-------- Data excerpt

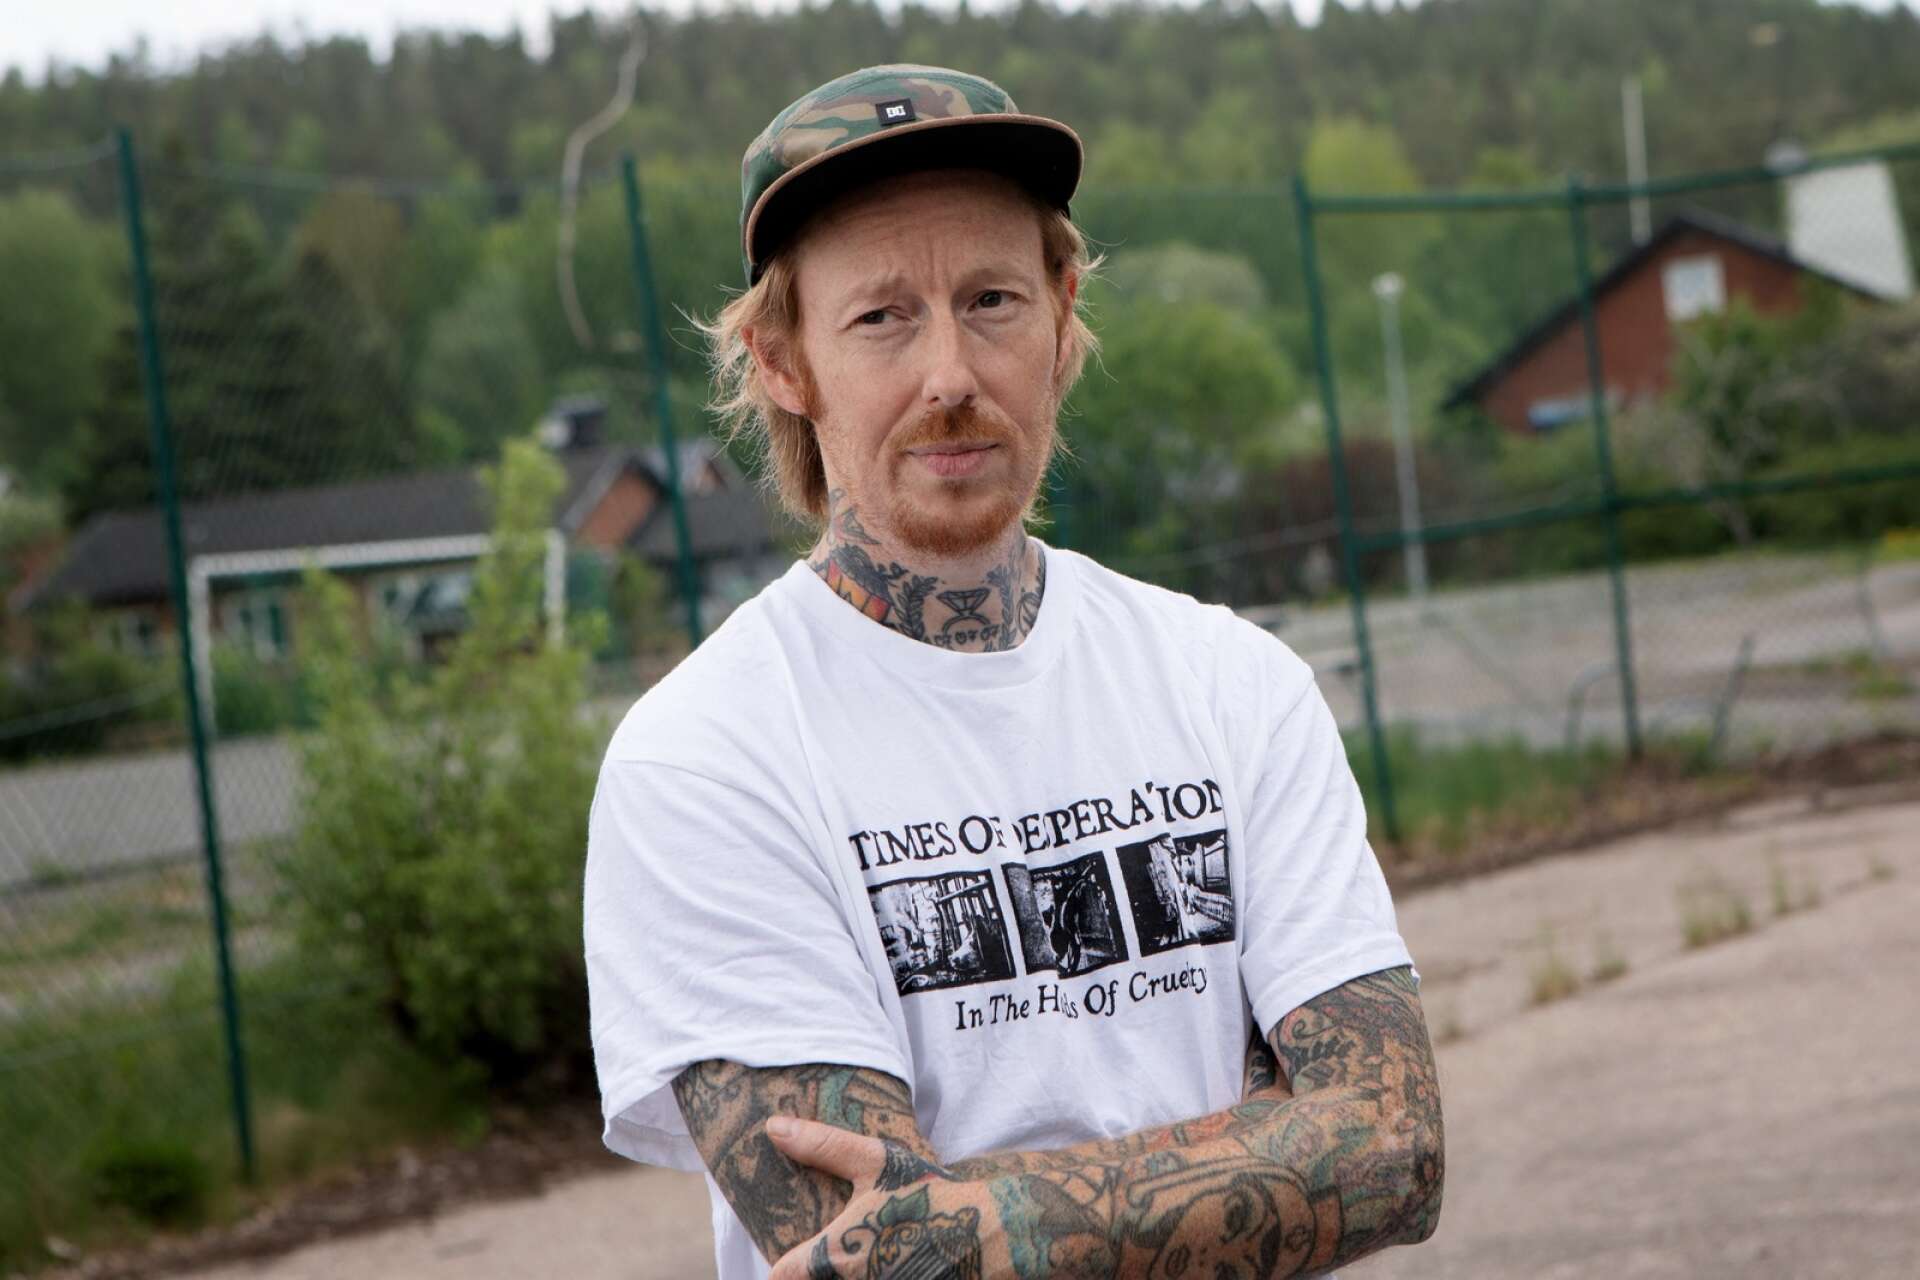 Daniel Nätterdal hoppas på en snar lösning när det gäller placeringen av skateboardramper i Degerfors.
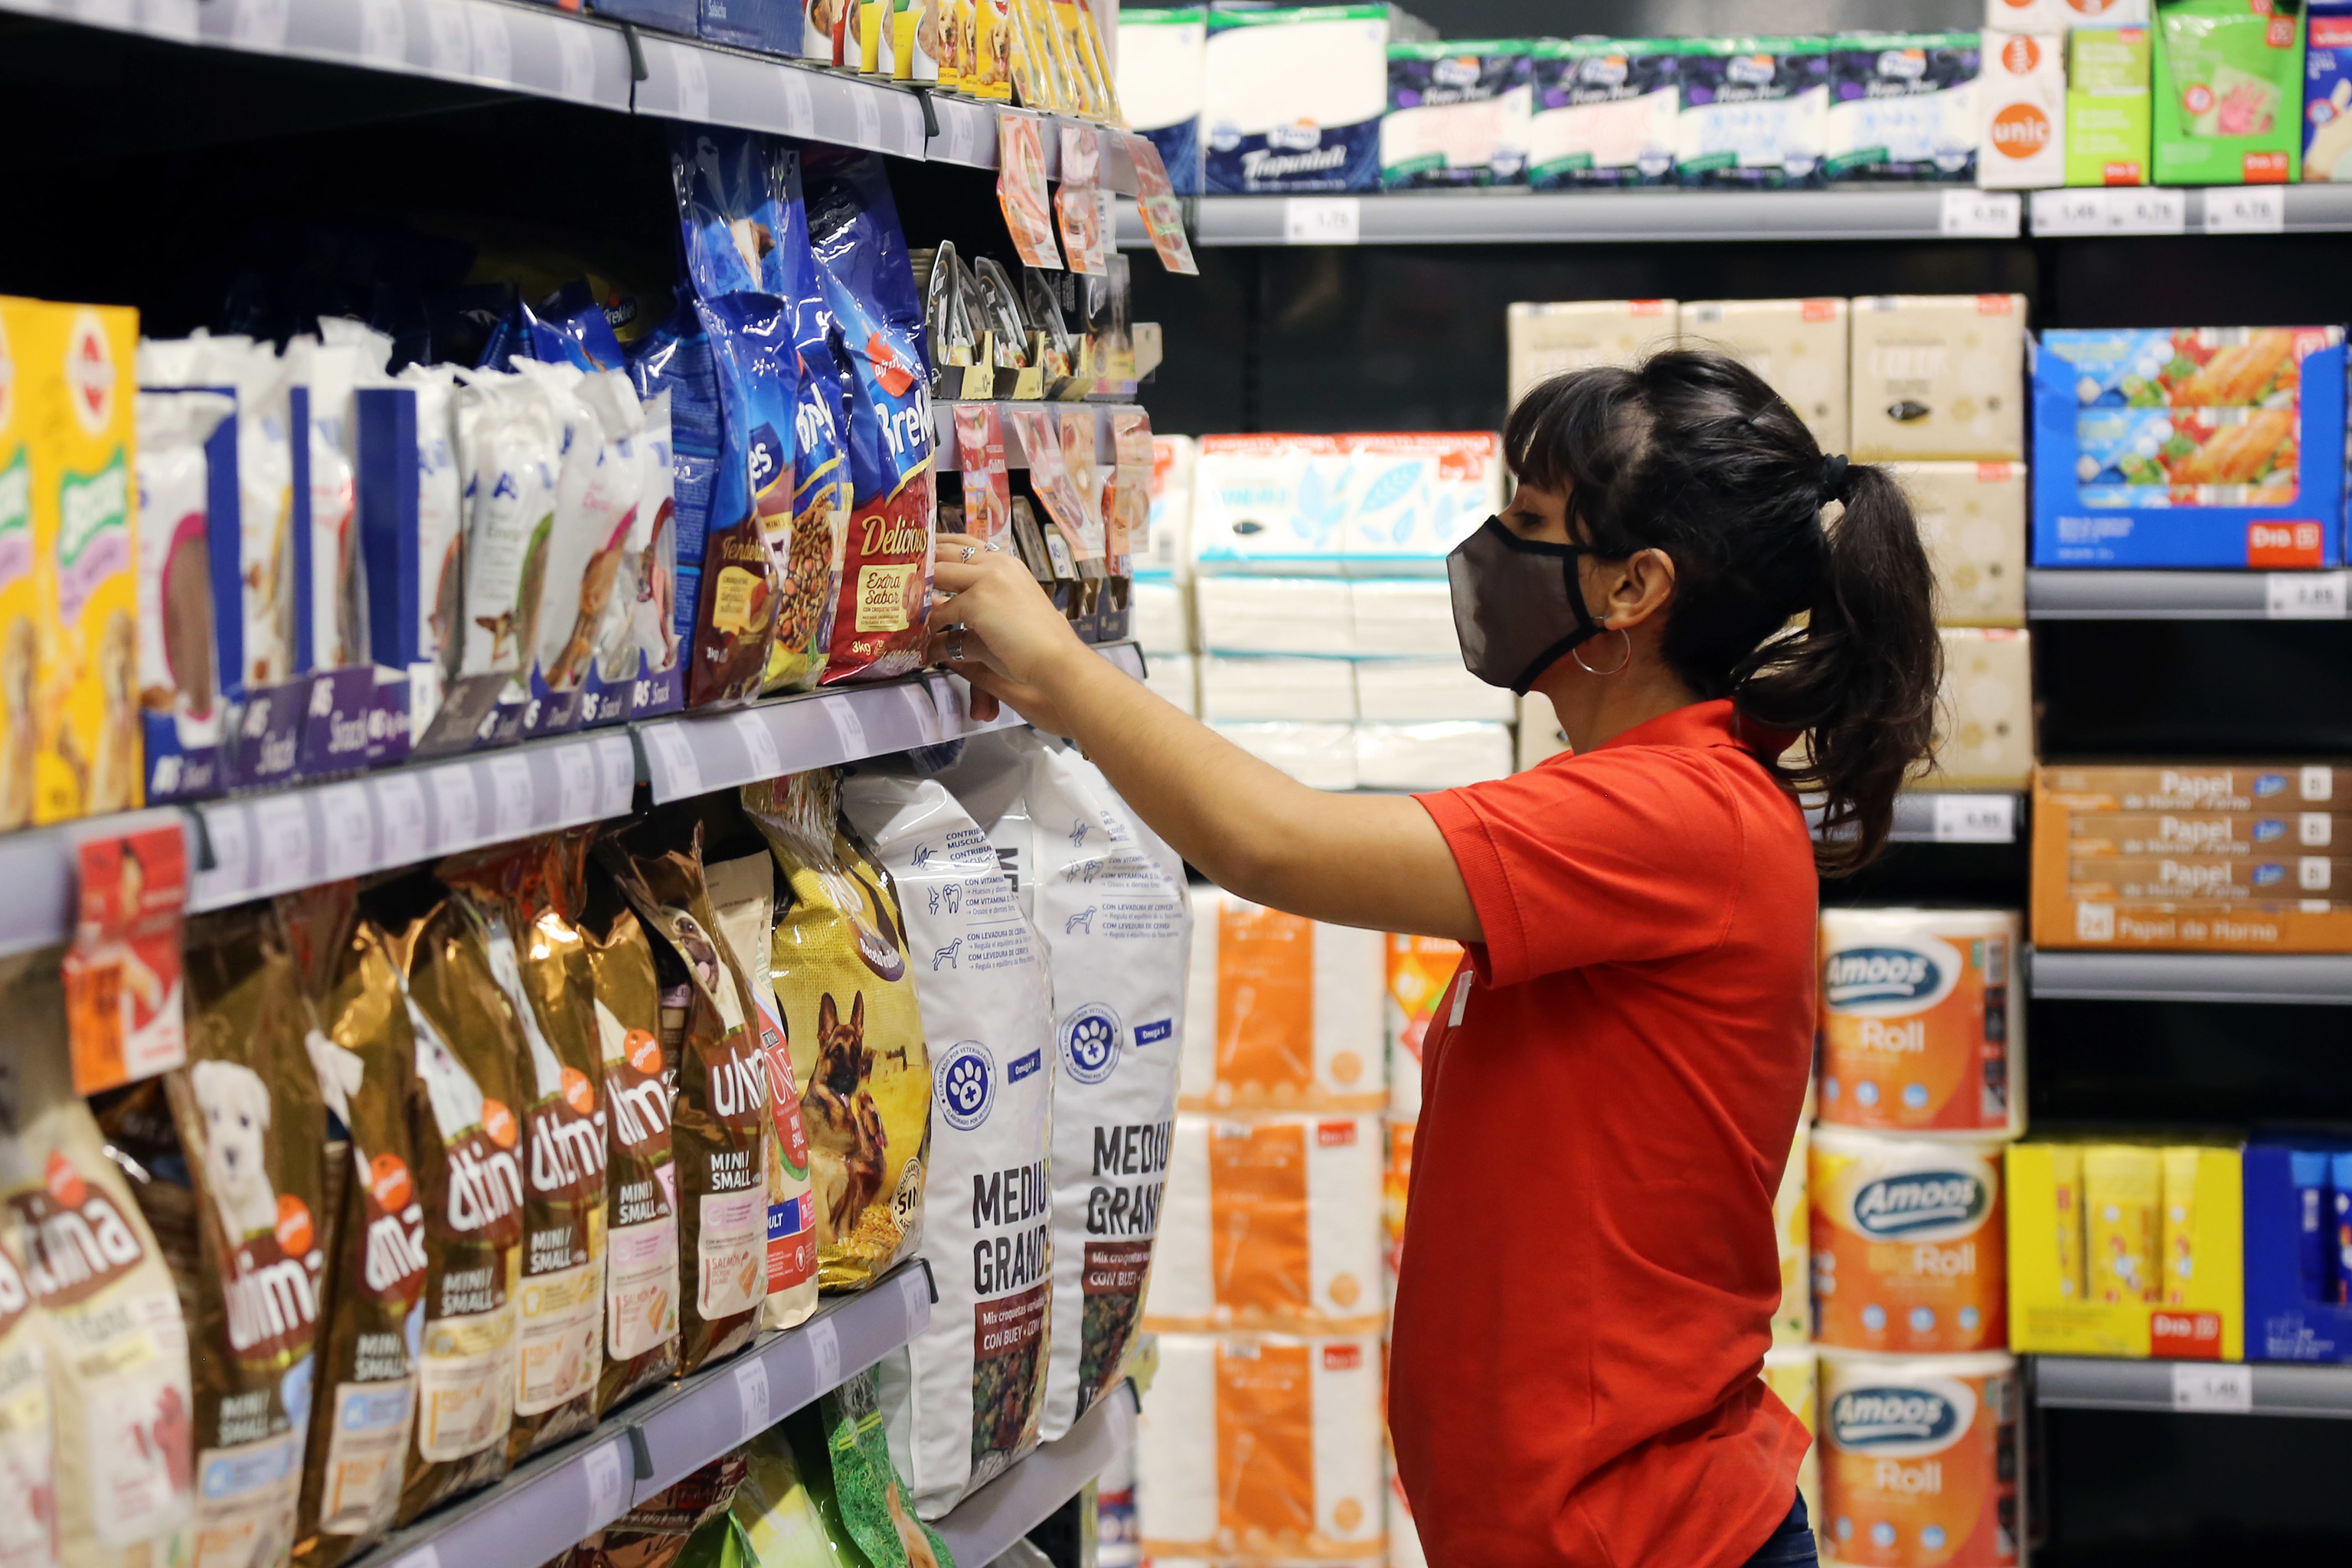 El Corte Inglés apuesta por el área de alimentación y abrirá supermercados fuera de los grandes almacenes
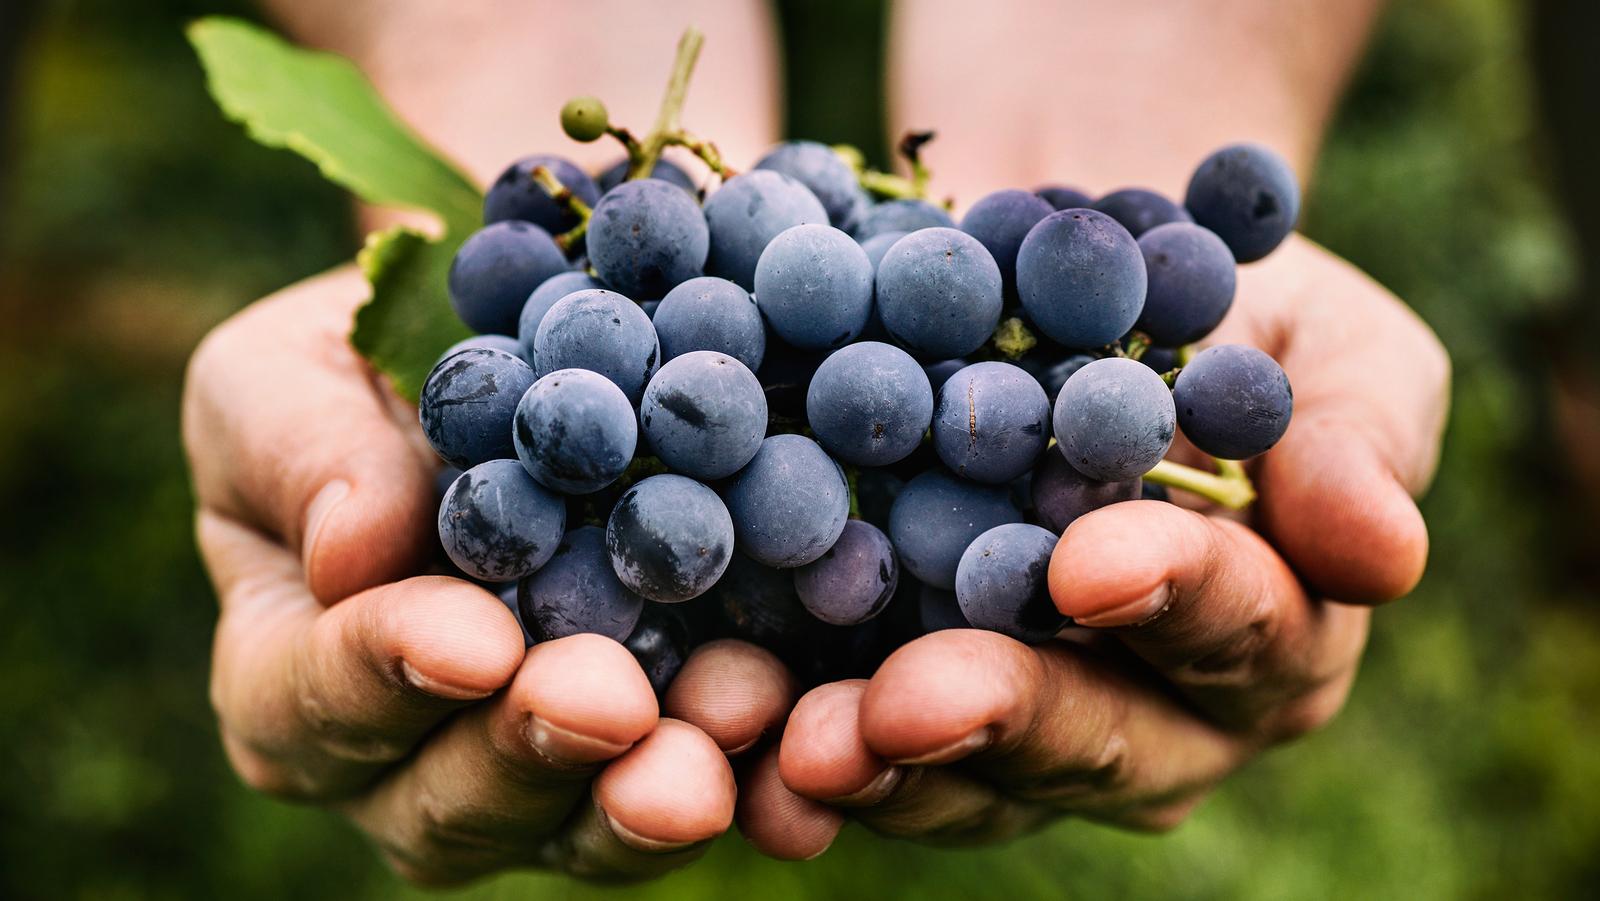 Szőlő gyógyhatásai: miért együnk szőlőt?

----------------

= Task to carry out =
The needed output is the lines from the one with "El Corte Inglés" through the end of the listing, written out exactly, both ends included, pictures excluded.

= Answer area =
 El Corte Inglés apuesta por el área de alimentación y abrirá supermercados fuera de los grandes almacenes
 Szőlő gyógyhatásai: miért együnk szőlőt?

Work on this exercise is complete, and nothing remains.